4 things Boxing taught me about myself


“I’ve little or no interest in combat sports. I want to love, not hurt people,” said a much younger and poorly informed me.

Since then I’ve talked about, followed and even interviewed a few big-ish name fighters from George Groves to my mate Paddy Blight who tours MMA under-cards around Britain and Ireland

The idea that boxing is a thuggish sport isn’t far off the mark, but one undoubtedly held by those who haven’t felt and tasted the demands the sports training puts on an athlete.

“The fatigue in my shoulders from hitting pads got me thinking, am I even fit?”

A few sessions in and I began to see the light.

Focus under fatigue…

Powering through a HIIT session, it’s easy to lose technique as you get tired. This is harder to do in Boxing.

When punches go soft and guards drop there’ll likely be a sharp shock to the nose that’ll surely wake you up ;).

Focusing through every movement when you’re Chin Strapped maximizes the mind | body development you’ll take from each session.

No surprise to see hard-ass UFC fighters plastering photos of yoga sessions on Instagram.


Screenshot 2017-07-05 10.17.21.png
Connor McGregor also trains regularly with movement guru Ido Portal

Am I even fit? 

Blasting though my CrossFit AMRAPs and HIIT sessions in Gymbox is the norm for me. I push hard but I know exactly what my capabilities are and what buttons to press.

But three minute rounds in a boxing ring hit me like a steam train and before long I was completely gassed.

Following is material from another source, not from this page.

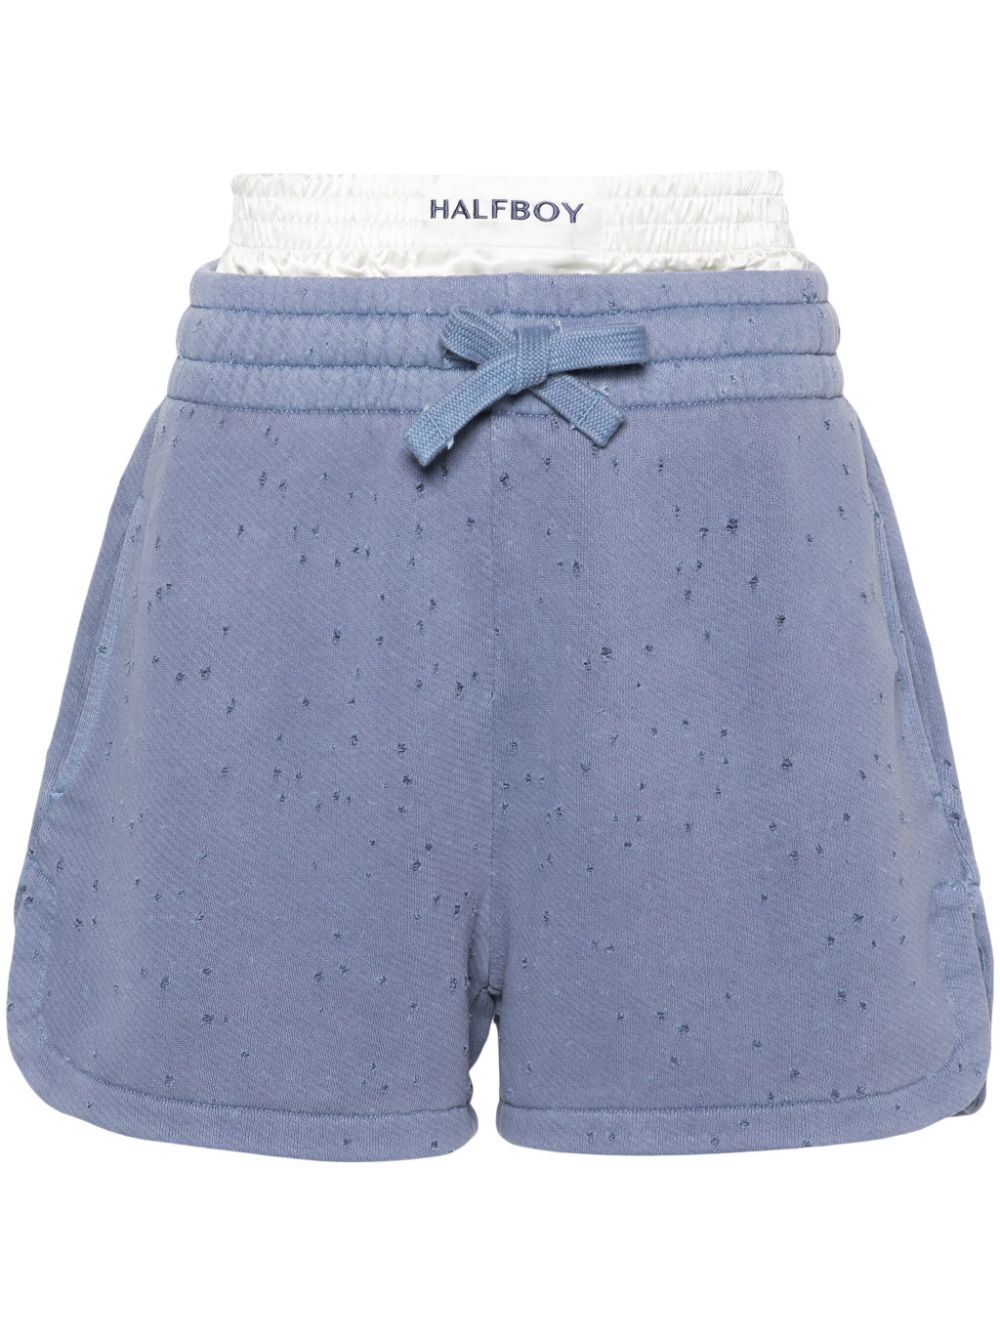 Halfboy layered distressed cotton shorts - Blue von Halfboy

The fatigue in my shoulders from hitting pads got me thinking, am I even fit? Any strength and endurance I thought I had seemed to go out the window. It’s a proper fitness test!

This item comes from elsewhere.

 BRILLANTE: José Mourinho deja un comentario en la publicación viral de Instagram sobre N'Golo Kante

Coordination Coordination Coordination

This harks back to the first point about keeping your guard up when you’re wrecked (literally and metaphorically).

The complexities of movements are uncanny.

Hip movements using your entire body for maximum power, taking the momentum from a defensive block to go seamlessly into an offensive combo, and footwork to glide around the ring picking holes in your opponents defense.

Every limb and plane of movement has to work in tandem, and I’m a long way from cracking it in this case.

Imbalances are rife

As with anything your body isn’t used to, it’s hard to be really prepared. That’s why its recommended to switch up your training ever four to six weeks to avoid plateau.

Boxing – as it happens – leaves no hiding place for any body part, it’s not long before weaker muscle groups start having serious words with their owner.

My shoulders aren’t as strong and durable as I thought, my calves and feet muscles seem to spend most of the time half asleep, and my core feels non-existent.

Boxing, and by extension all combat sports demand a level of fitness and cognitive skill simply unparalleled in other disciplines.

MMA fighters recently replaced gymnasts as the fitness all round athletes.

But since the vast majority of us don’t fancy going bare-knuckle in an octagon, or doing back flips off a beam, I’d recommend Boxing as one of THEE ways to get fit.